In the years since then, the idea became ingrained that 2% inflation was the right and natural thing. Both the Fed and the European Central Bank, which is required by its charter to maintain "price stability," use 2% as their target. The ECB's outlook is still constrained by the German experience of the 1920s, but the lesson for Americans is, or should be, very different.
That's because inflation had a lot to do with the sharp reduction in gross federal debt after the end of World War II, the only time that the U.S. government carried debt higher than today as a percentage of gross domestic product. In 1946, gross federal debt reached nearly 122% of GDP; but within 10 years the figure had dropped by nearly half, to 69.3%. By 1975 it was down to less than 35%.
Economic growth had a lot to do with this trend, but inflation also played a significant role, according to Joshua Aizenman of UC Santa Cruz and Nancy Marion of Dartmouth. Over those first 10 postwar years, they calculate, inflation averaged only 4.2%, but still accounted for a fifth of the debt reduction.

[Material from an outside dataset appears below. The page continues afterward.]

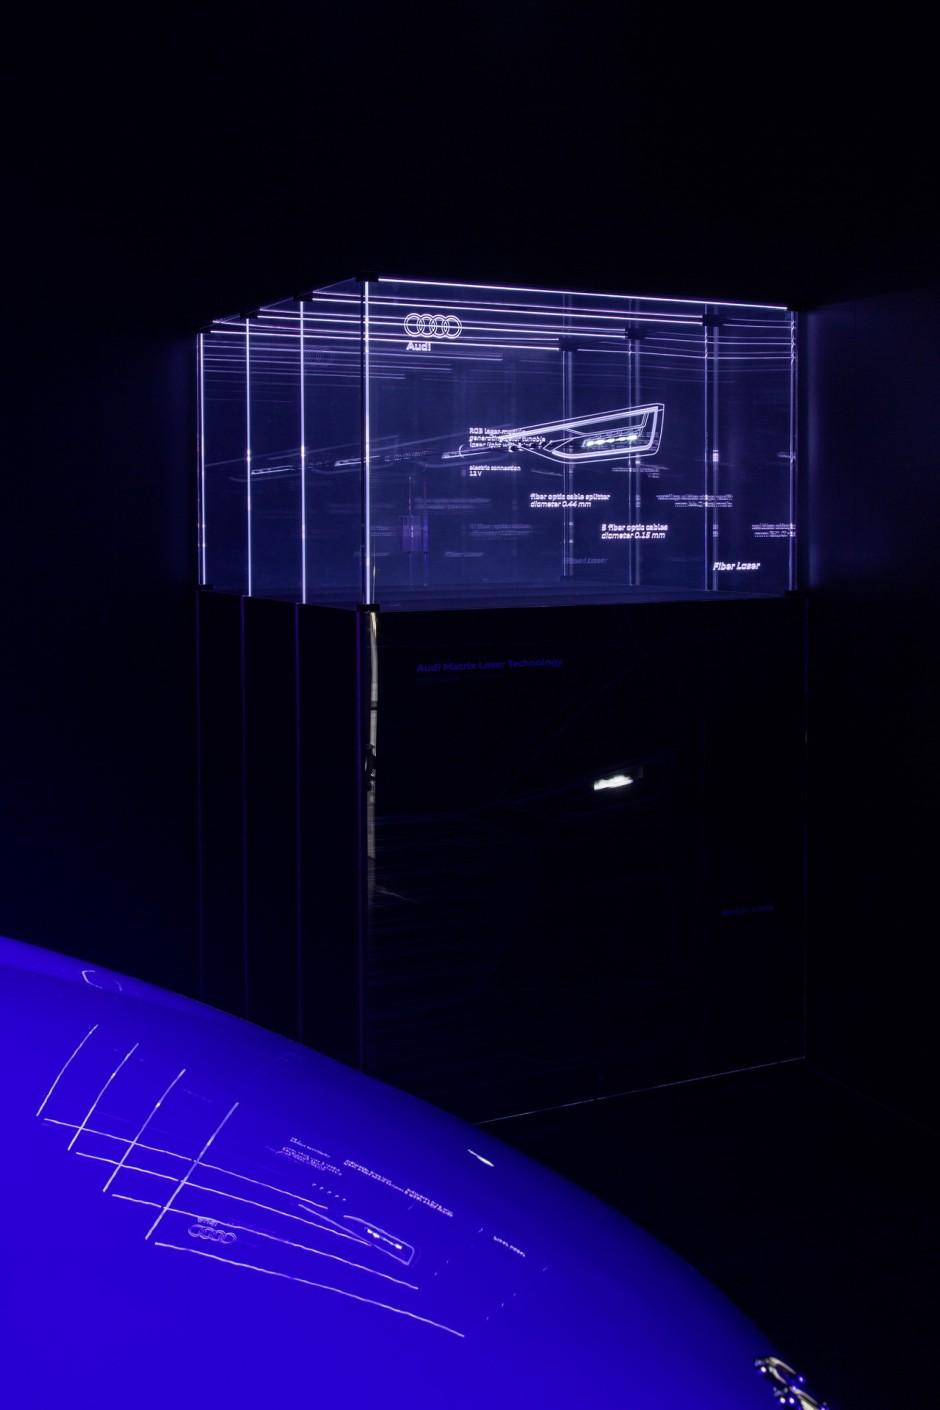 audi met en lumi re l 39 clairage laser matriciel photo 5 l 39 argus. Black Bedroom Furniture Sets. Home Design Ideas

Today, even among Democrats, economic policy is in the hands of deficit and inflation hawks. Their policies plainly benefit too narrow a segment of the population. The bond-holding class doesn't have to sacrifice a penny of its wealth as long as the mantra of "shared sacrifice" applies solely to Americans who earn wages and pay mortgages. For the latter, a little taste of inflation may mean a lot. Without it, the whole economy may continue to just stagger along, and in the long term that's not good for anybody.